One can also argue as follows. Let X be the set of all t such that f is bounded on the interval [0,t]. What can we say about X? Well, if s belongs to X and r < s then r certainly belongs to X. It follows that X is an interval of the form [0,u) or [0,u]. In the first case, apply continuity at u to show that [0,u) is not the whole of X after all. In the second case, apply continuity at u to show that [0,u] is not the whole of X unless u=1.
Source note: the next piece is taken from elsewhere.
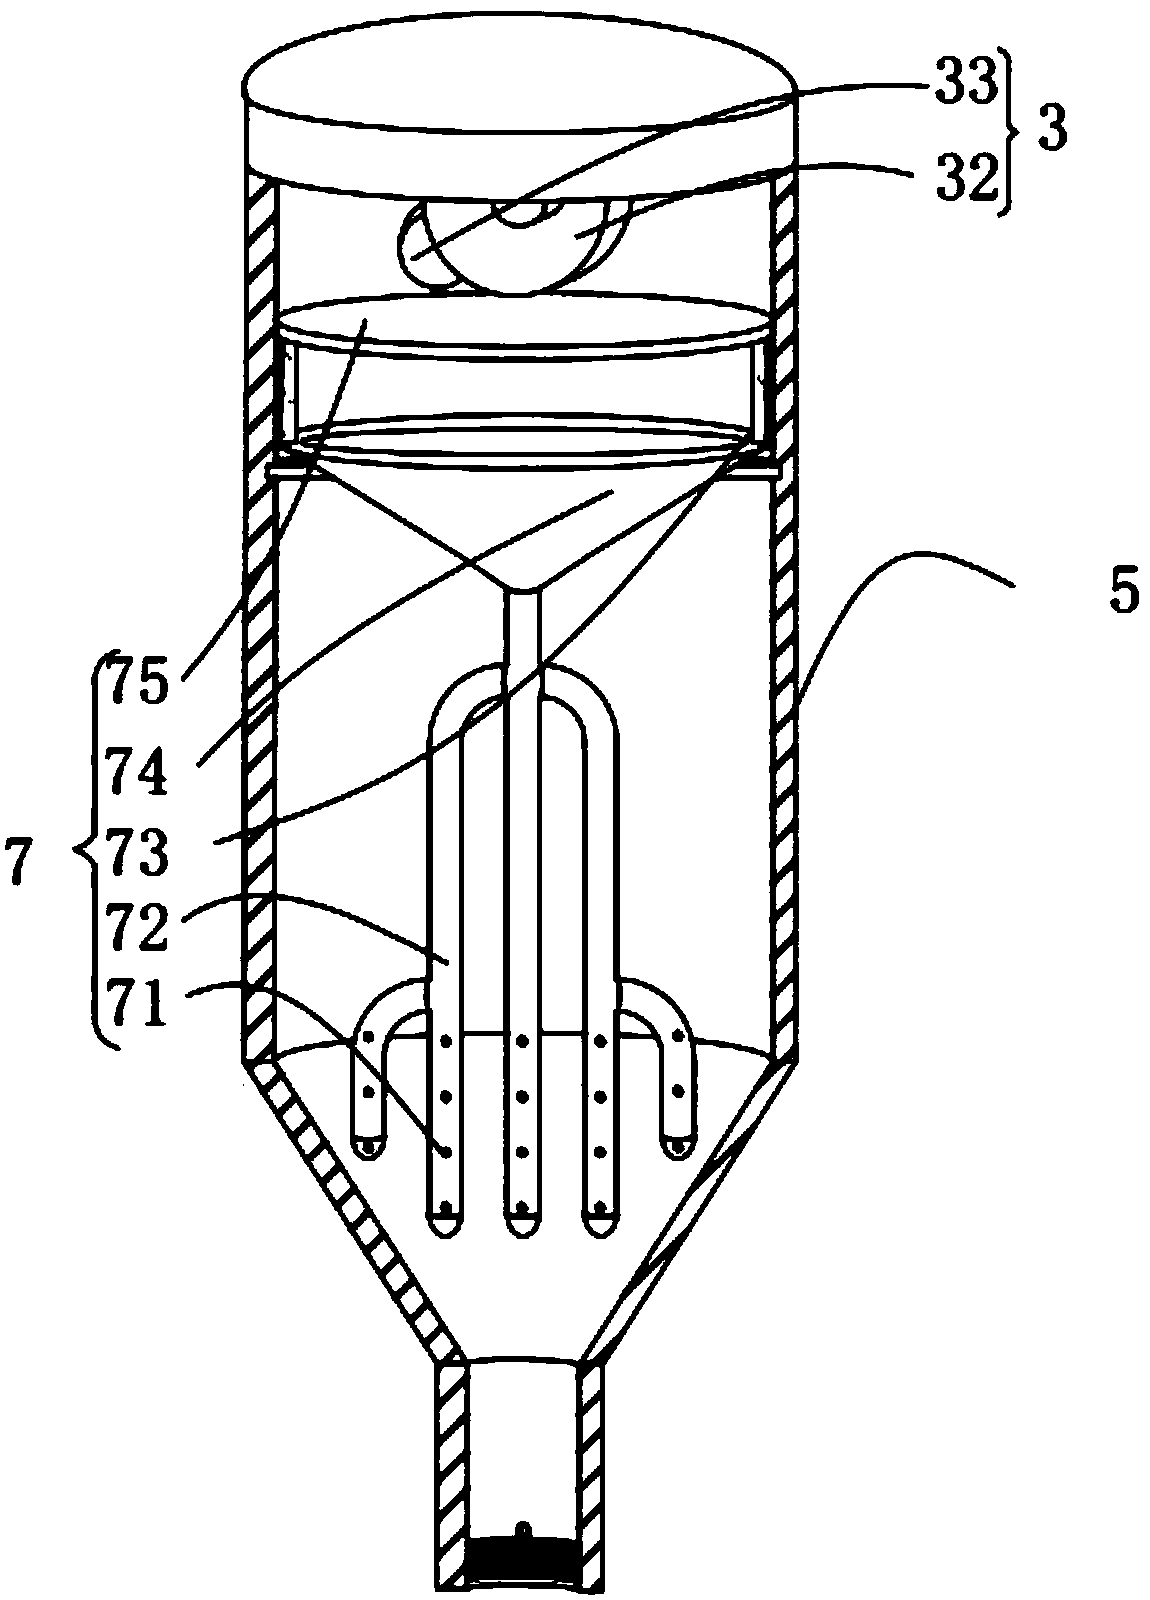 Supercritical fluid extracting device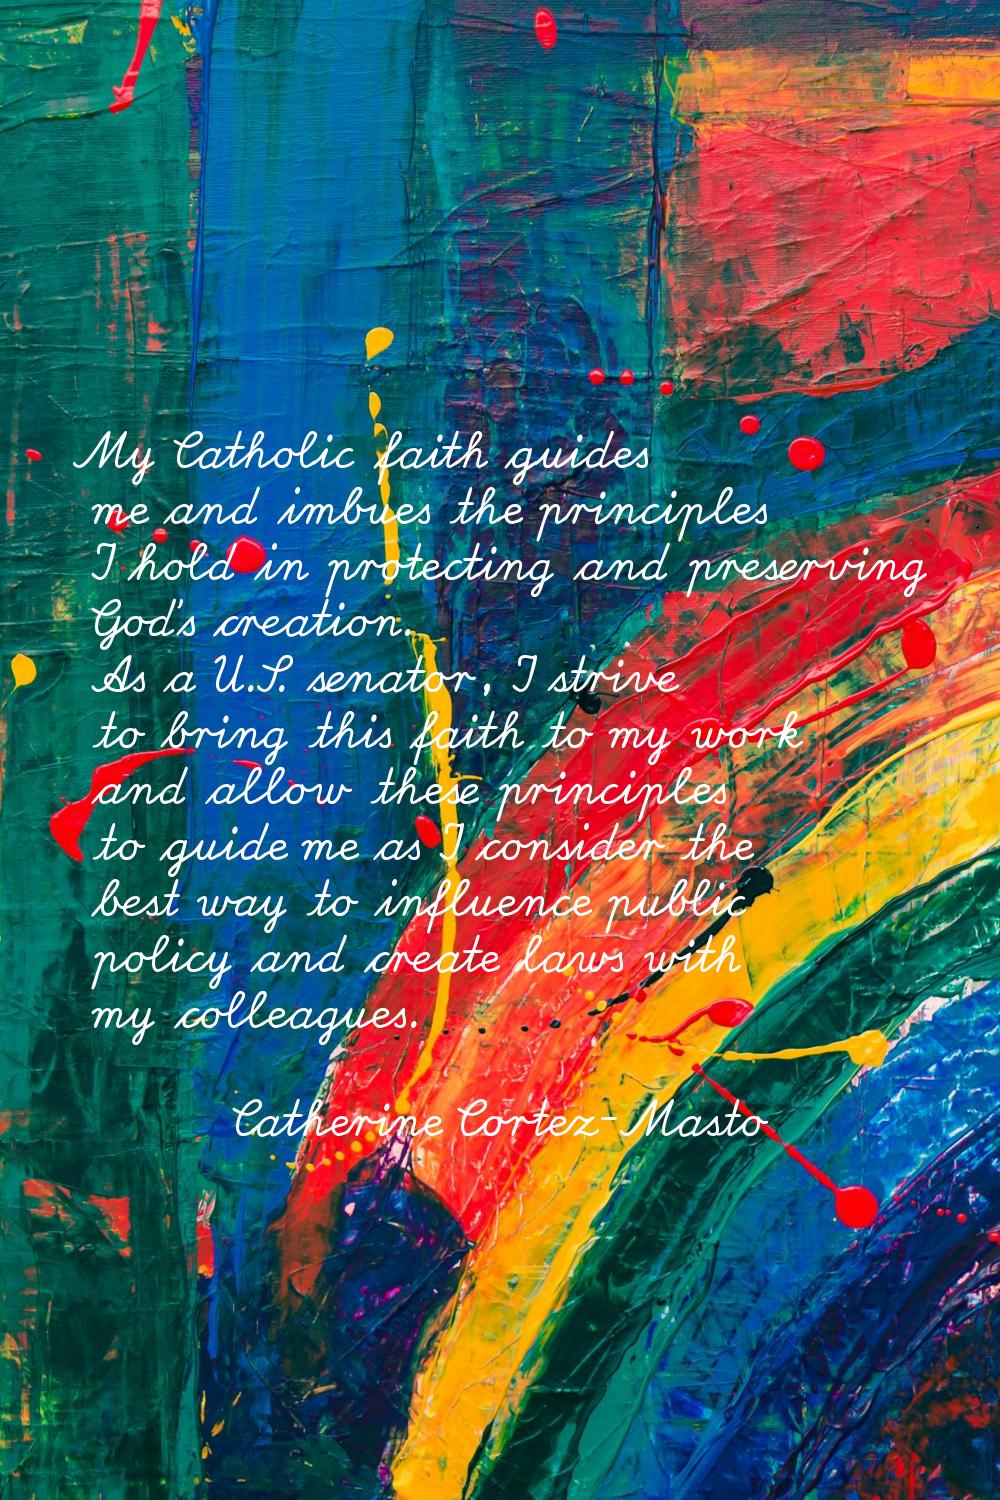 My Catholic faith guides me and imbues the principles I hold in protecting and preserving God's cre

I find that the above proof is natural in the sense that the idea
of extending the interval on which f is bounded is in a sense `the
first thing to try'. However, it is not as neat (at least in its first
version) as the usual proofs via the Heine-Borel theorem or
Bolzano-Weierstrass theorem. It is not impossible to imagine thinking
of those theorems without going through the above argument first. When
we first applied the definition of continuity, we constructed, for an
arbitrary x, an open interval U_{x} containing x, on which f
was bounded. We observed that we would like it if these intervals
overlapped. It perhaps doesn't take too much imagination to notice
that if we can cover [0,1] with finitely many of these intervals, then
we are done. As for the Bolzano-Weierstrass theorem, it arises
naturally if one tries to prove the result by contradiction. What does
it mean for f to be unbounded? It means that for every n there is an
x with f(x) > n. Then we try to do something with that sequence. We
can't get a contradiction just from an individual f(x) being large -
they have to collect together somewhere.

Another way to arrive at the Heine-Borel theorem is to think about
the extending-intervals argument and work out what we actually
used. The main lemma that we used over and over again is that every x
is contained in an open interval U_{x} on which f was bounded.
We tried to put those intervals together, running into problems if
we had infinitely many of them, which we then managed to solve by
getting back down to finitely many. It is clear that what we were
really trying to do was cover [0,1] with finitely many of the
U_{x}. It is but a short step from here to thinking of
the statement of the Heine-Borel theorem.